La regione a statuto speciale di Hong Kong ad oggi è annoverata nella "black list" italiana dei cosiddetti stati "non collaborativi".
Hong Kong gode di un regime fiscale privilegiato; lo scambio di informazioni tra le amministrazioni locali è pressoché inesistente e la sua incidenza fiscale è notevolmente inferiore rispetto a quella italiana.
Per lo stato italiano, i costi derivanti da operazioni intercorse tra società residenti in Italia ed imprese fiscalmente domiciliate ad Hong Kong, sono da considerarsi indeducibili.
Inoltre i redditi prodotti dalle imprese residenti o localizzate ad Hong Kong e partecipate da un soggetto residente fiscalmente in Italia, si considerano imputabili a quest'ultimo in quanto non esiste tra i due stati una convenzione contro le doppie imposizioni.
Le necessità di bilancio del Governo Italiano spingono il Ministro Giulio Tremonti ad aumentare la pressione su Hong Kong.
I clienti italiani di società Hongkonghine dovranno, secondo quanto prevede il Decreto Ministeriale del 30 marzo 2010, informare dettagliatamente l'autorità fiscale italiana sulle transazioni finanziarie tra società di Hong Kong e società Italiane.
L'obiettivo del Ministro è quello di controllare i trasferimenti di reddito dall'Italia ad Hong Kong. È opinione dei collaboratori di Tremonti che molti contribuenti italiani utilizzino delle società di Hong Kong per riuscire a trasferire il loro reddito fuori dall'Italia.

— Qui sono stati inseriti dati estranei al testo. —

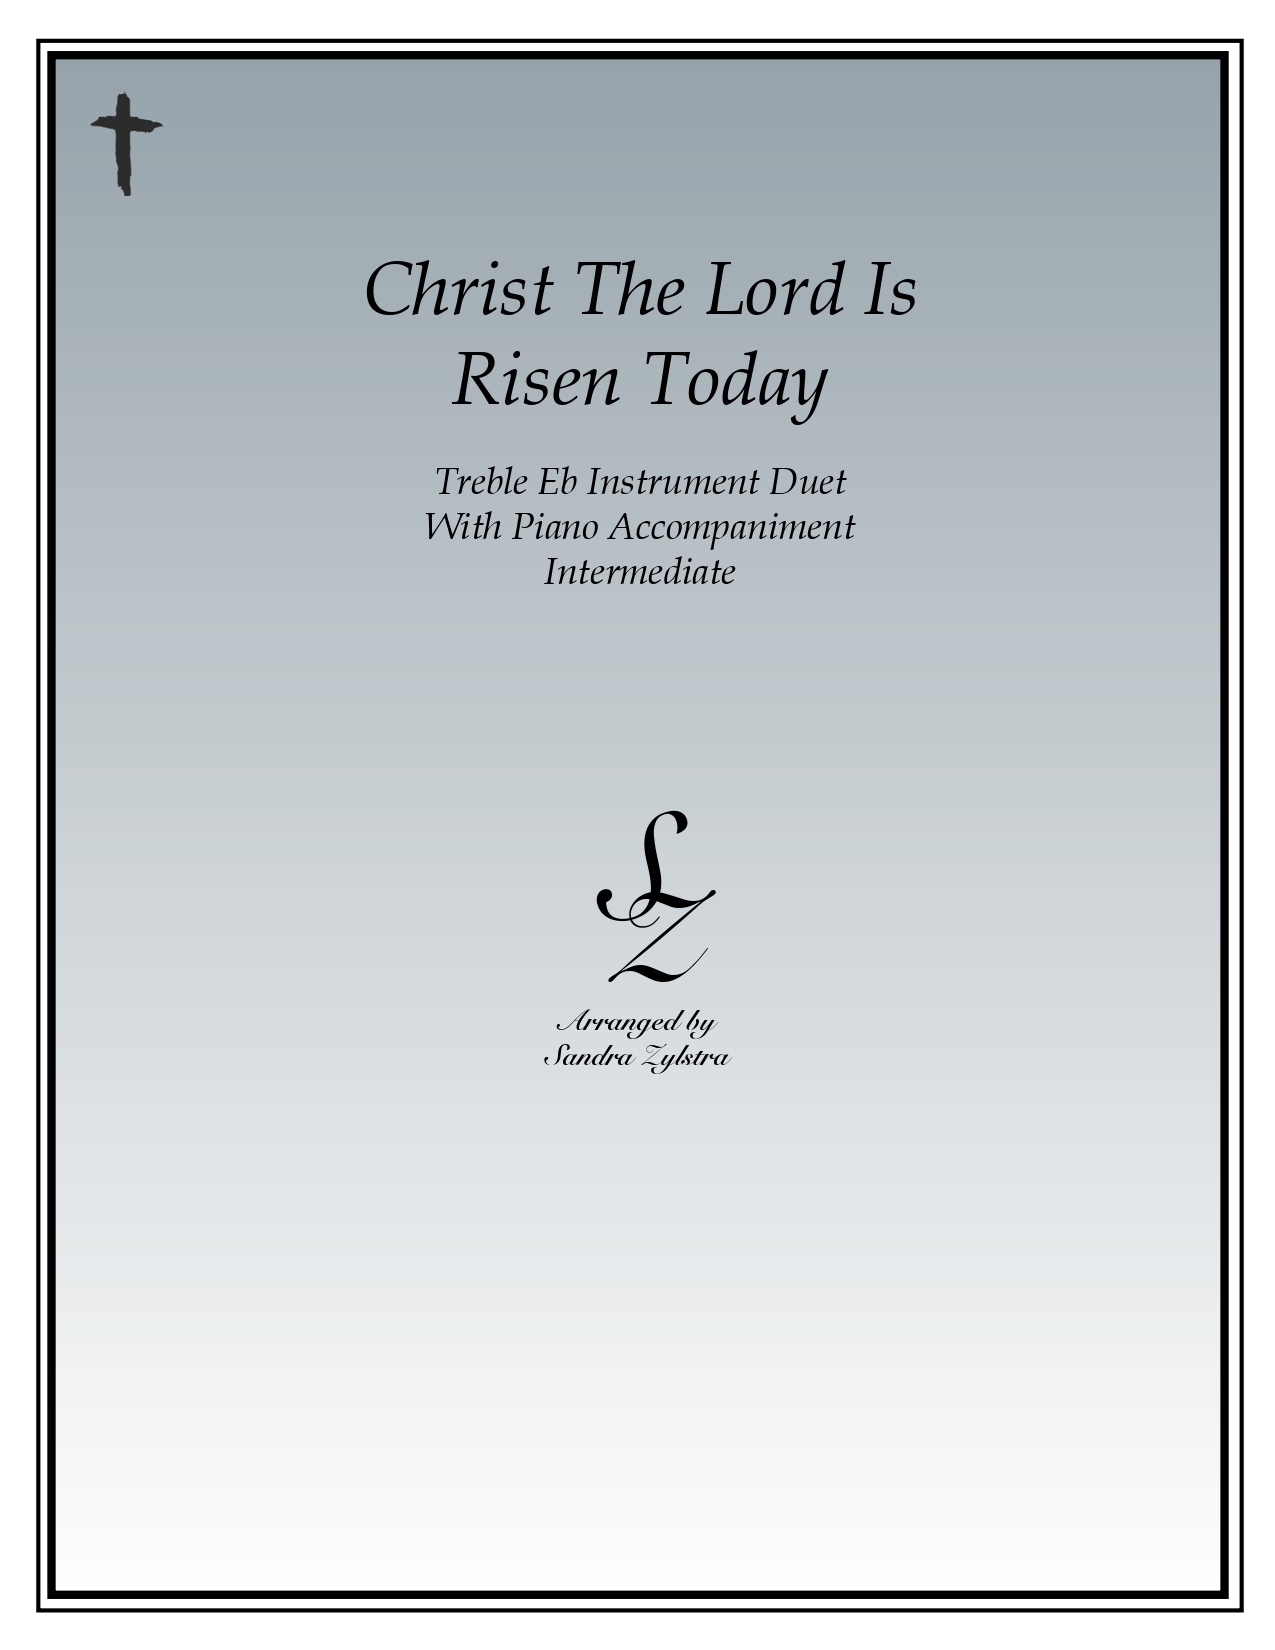 Christ The Lord Is Risen Today Eb instrument duet parts cover page 00011

Il meccanismo utilizzato da questi contribuenti infedeli, è quello dell'intermediazione di una società senza alcuna sostanza, il cui unico scopo è di estrarre reddito da una normale transazione commerciale. In realtà la società di Hong Kong esiste solo sulla carta non avendo alcuna operatività, non presentando contabilità, bilanci o dichiarazione dei redditi.
Questo sotterfugio permette l'estrazione dei redditi a fronte dell'acquisto di beni cinesi: il produttore cinese fornisce i beni direttamente al cliente italiano, ma fattura alla società di Hong Kong, la quale fattura a sua volta con un margine opportuno alla società italiana.

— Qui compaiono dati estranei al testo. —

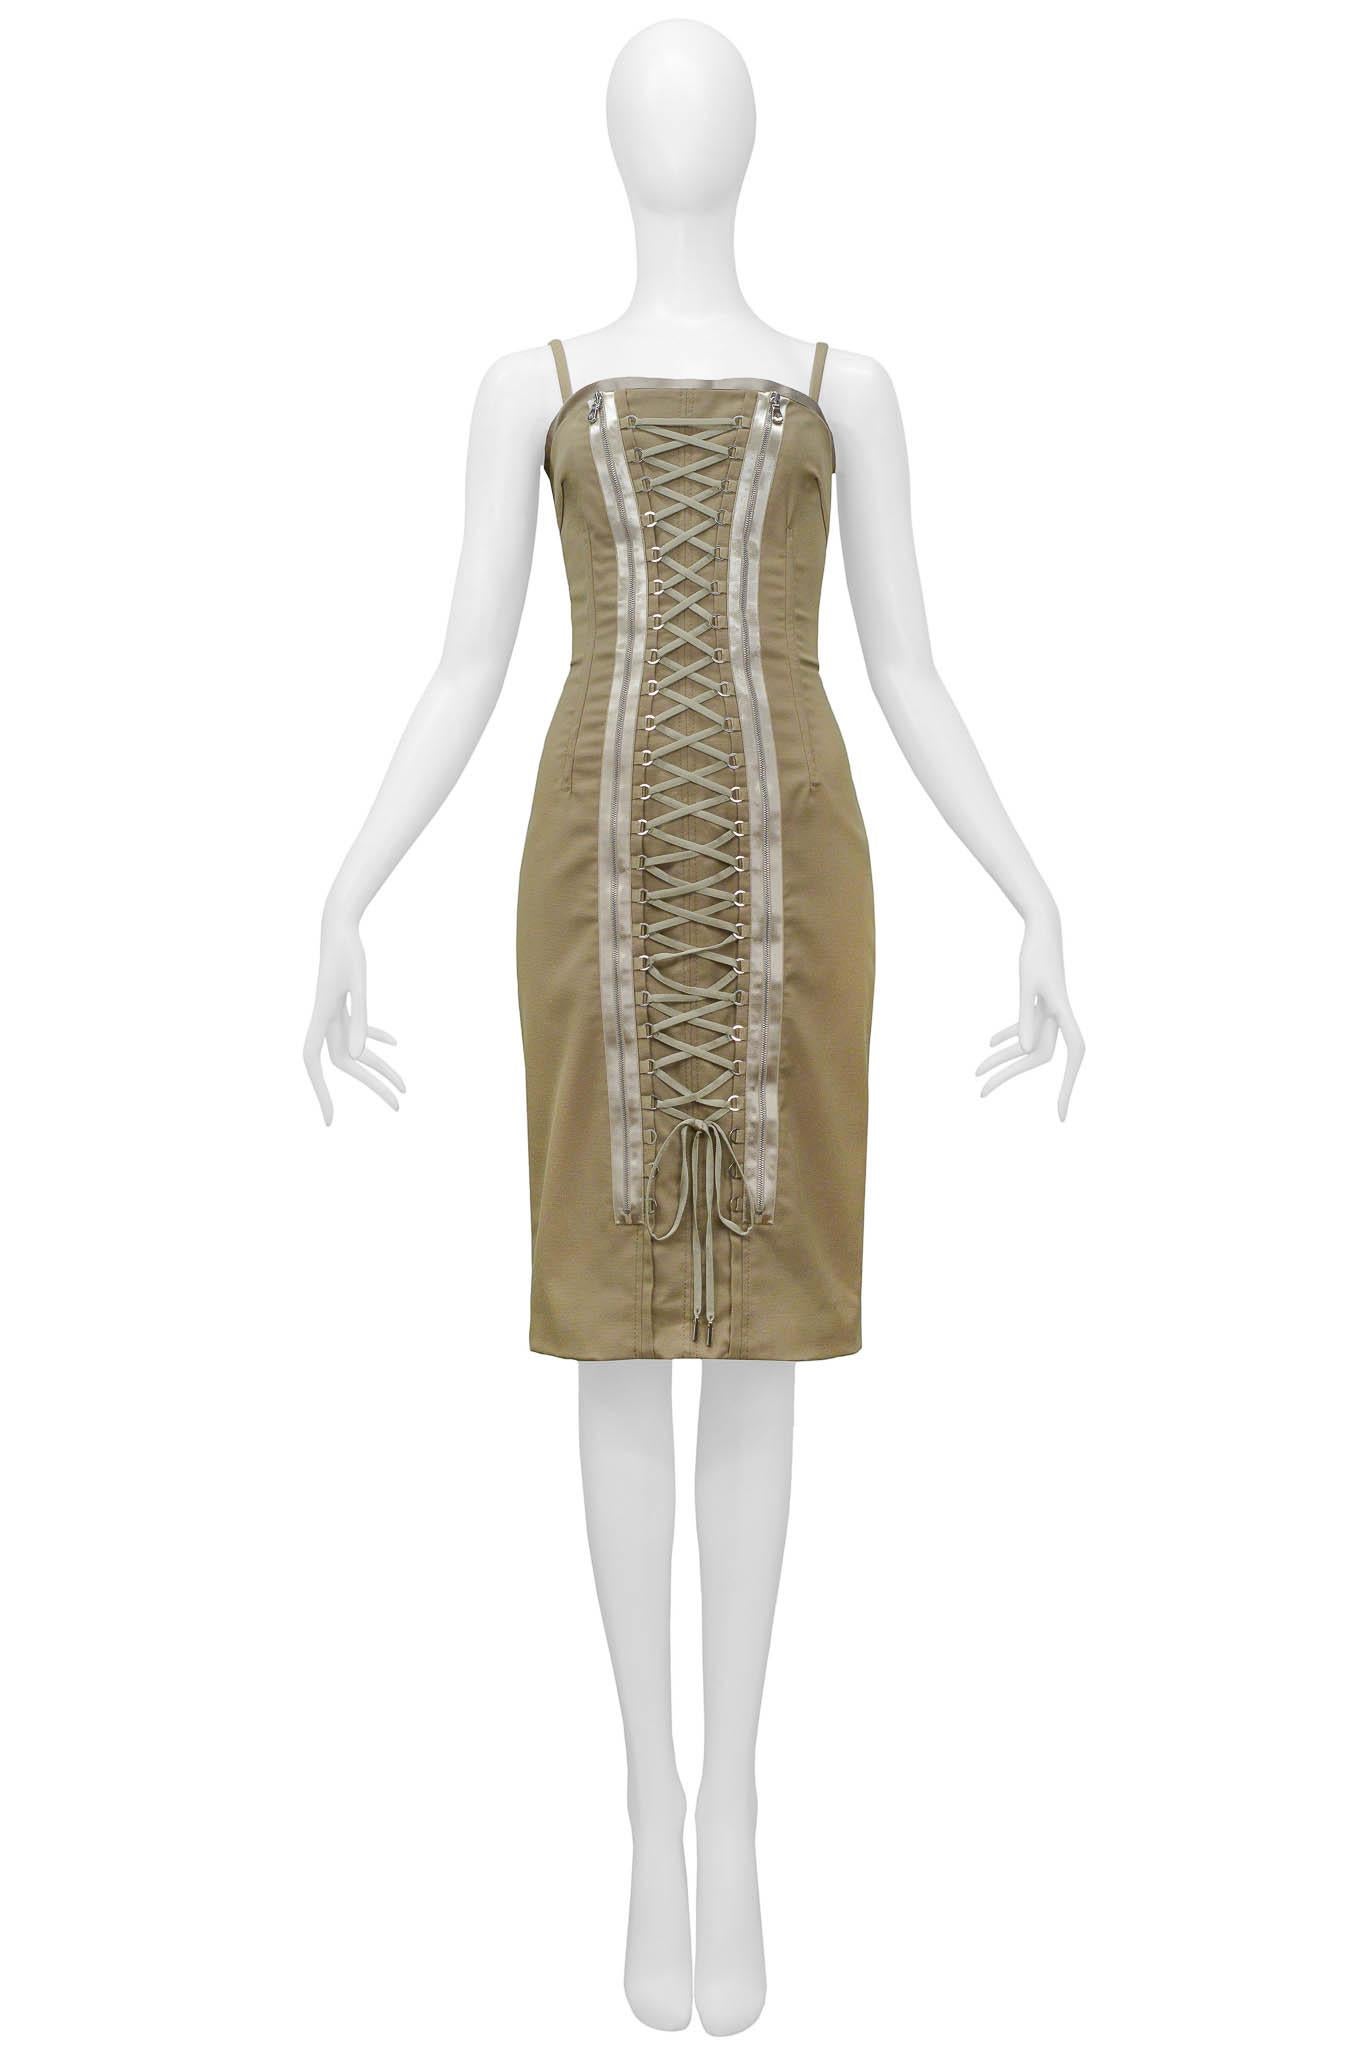 Resurrection Vintage is excited to offer a vintage Dolce & Gabbana khaki corset dress featuring, lace-up detailing and zippers down the front of the dress, satin trim along the top of the dress, and a kick pleat in the back.

Dolce & Gabbana
Size

In seguito la società di Hong Kong invia il margine della transazione sul conto personale del socio della società italiana, conto bancario aperto in una banca offshore. Questa pratica sottrae illegittimamente reddito imponibile al Governo Italiano, e rende evasori fiscali i contribuenti italiani che la eseguono.
La richiesta del Governo Italiano, di controllare tutti i pagamenti da e per Hong Kong, si basa su una Legge (art.110 TUIR) che impedisce alle imprese Italiane di contabilizzare i costi fatturati dalle società registrate in paesi che appaiono nella black list emanata dal Governo.

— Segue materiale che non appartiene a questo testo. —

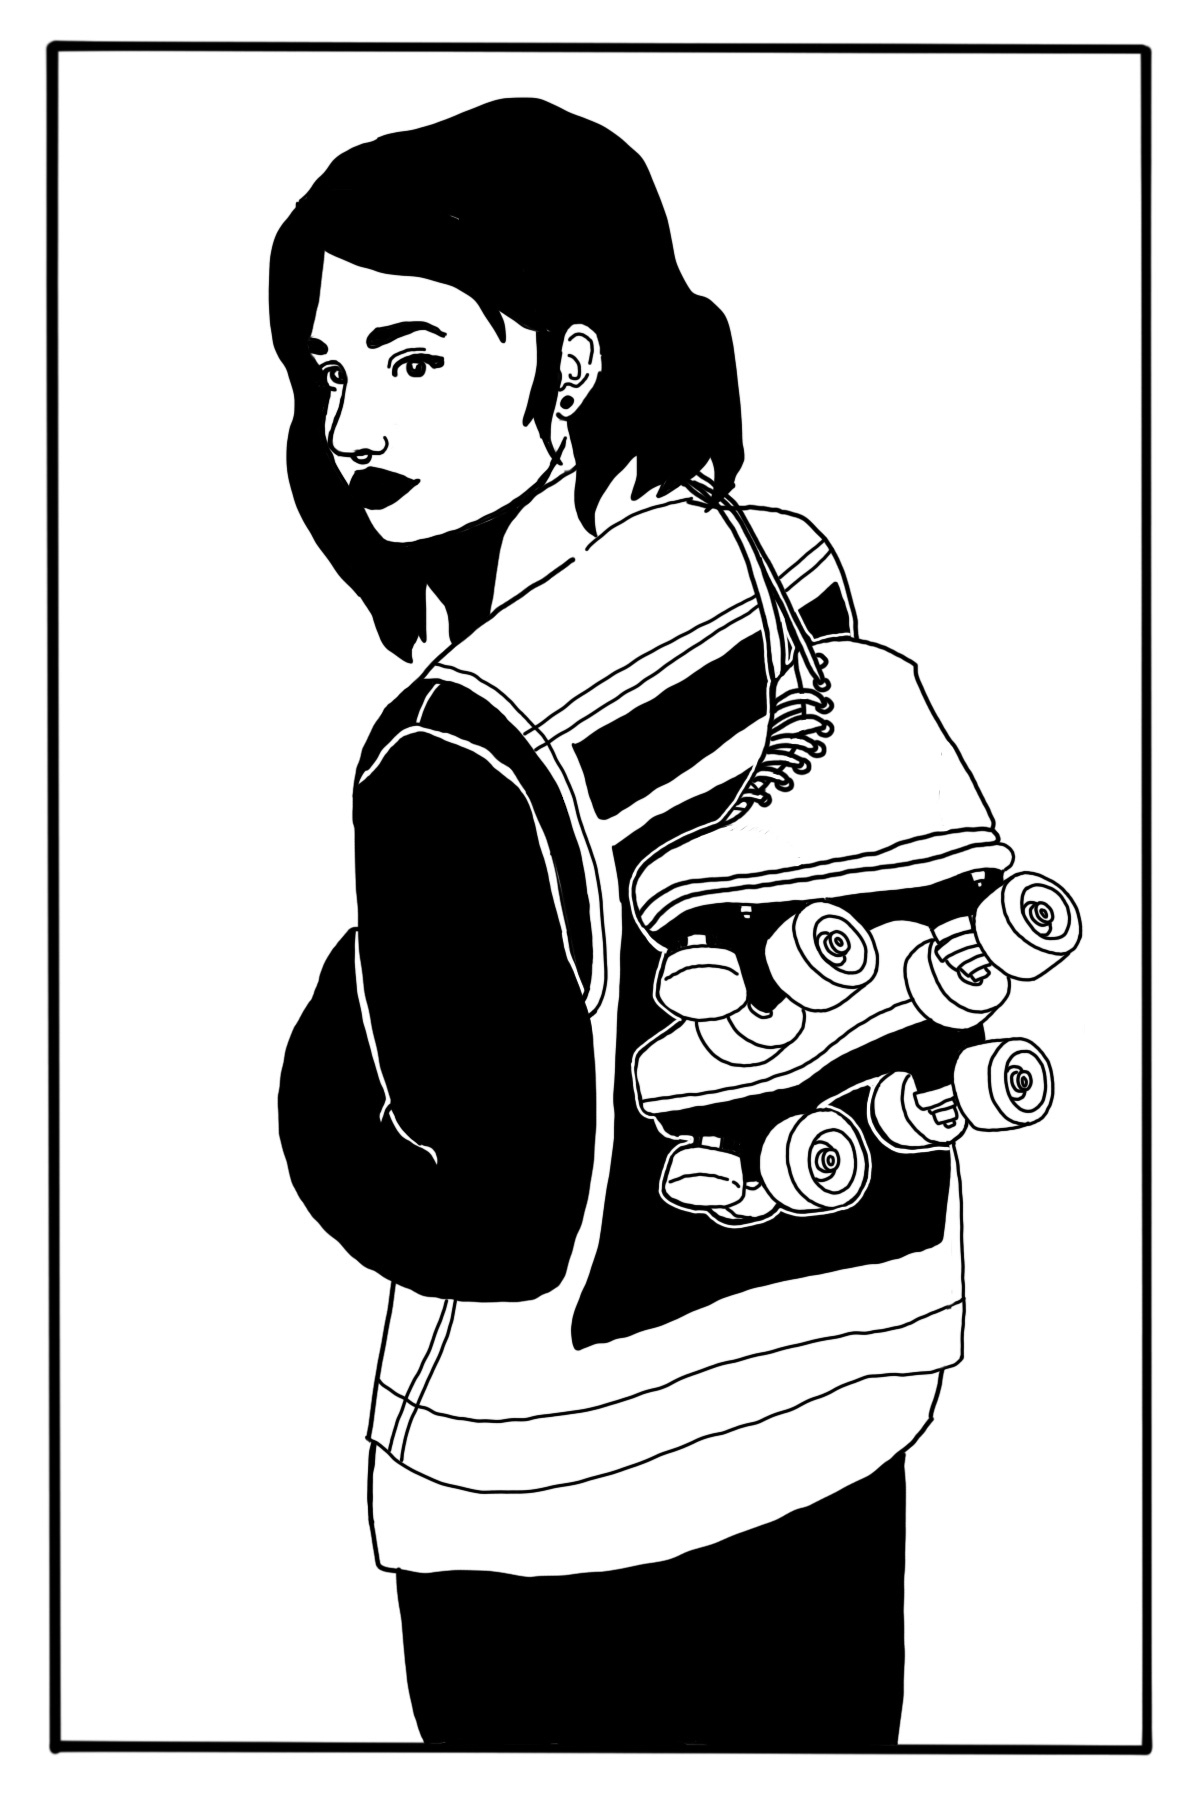 Illustration of a woman carrying a set of roller skates

L'applicazione di questa norma influenza molto negativamente i clienti italiani fiscalmente onesti, ma che acquistano i prodotti cinesi da società residenti ad Hong Kong.
Per le imprese italiane, è impossibile registrare i costi fatturati da imprese cinesi utilizzanti società di trading residenti a Hong Kong. La mancata contabilizzazione di questi costi ha l'effetto di aumentare il reddito della società italiana e di conseguenza di aumentare le tasse da pagare.
L'unica via per evitare l'applicazione di questa norma è quella della richiesta preventiva all'Amministrazione fiscale italiana di una certificazione di compliance fiscale delle operazioni commerciali effettuate con Hong Kong. È una procedura onerosa, da ripetere ogni periodo fiscale annuale, il cui risultato non è certamente scontato.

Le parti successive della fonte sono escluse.